==== Provided data ====

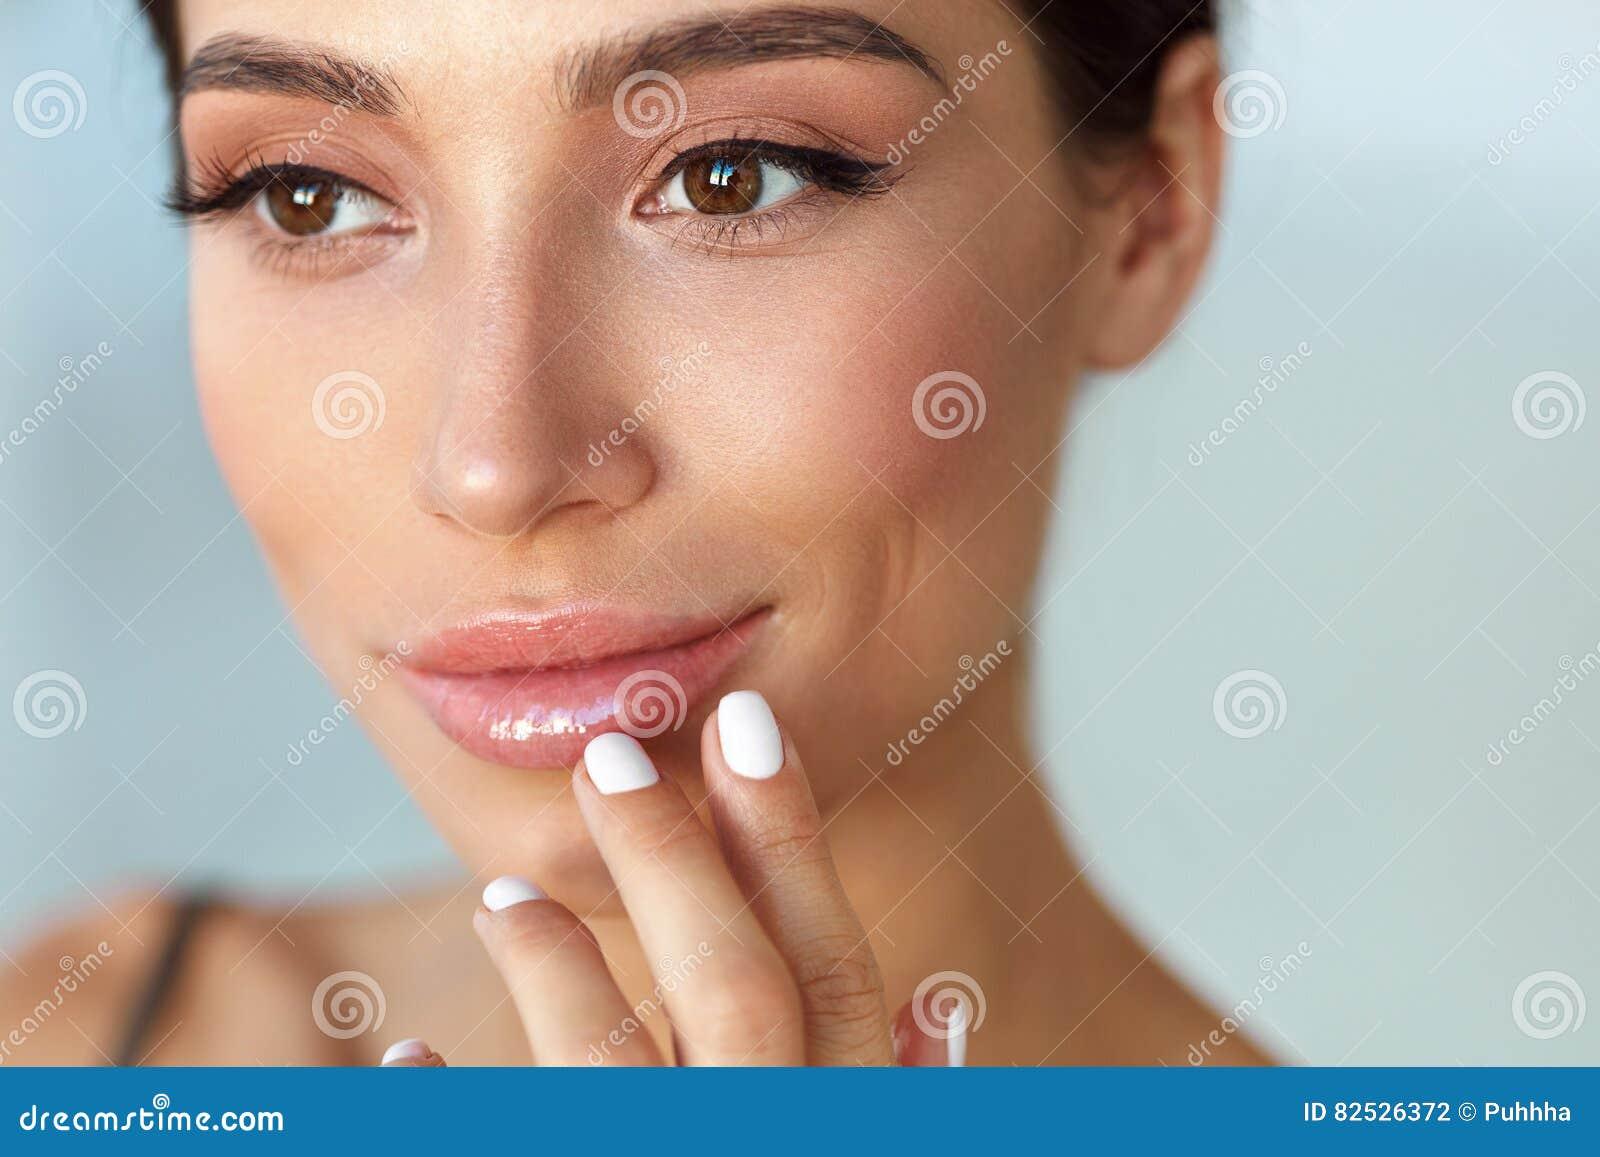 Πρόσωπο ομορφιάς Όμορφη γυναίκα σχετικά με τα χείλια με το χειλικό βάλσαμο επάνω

====
==== Provided data ====

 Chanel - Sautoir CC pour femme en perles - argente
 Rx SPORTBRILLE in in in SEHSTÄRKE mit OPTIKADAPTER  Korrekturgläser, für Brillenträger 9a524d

====

Problem description
In the entries above, restate word for word the lines between the one holding "Chanel - Sautoir" and the one holding "Rx SPORTBRILLE in", inclusive, and nothing besides.

Written reply
 Chanel - Sautoir CC pour femme en perles - argente
 Rx SPORTBRILLE in in in SEHSTÄRKE mit OPTIKADAPTER  Korrekturgläser, für Brillenträger 9a524d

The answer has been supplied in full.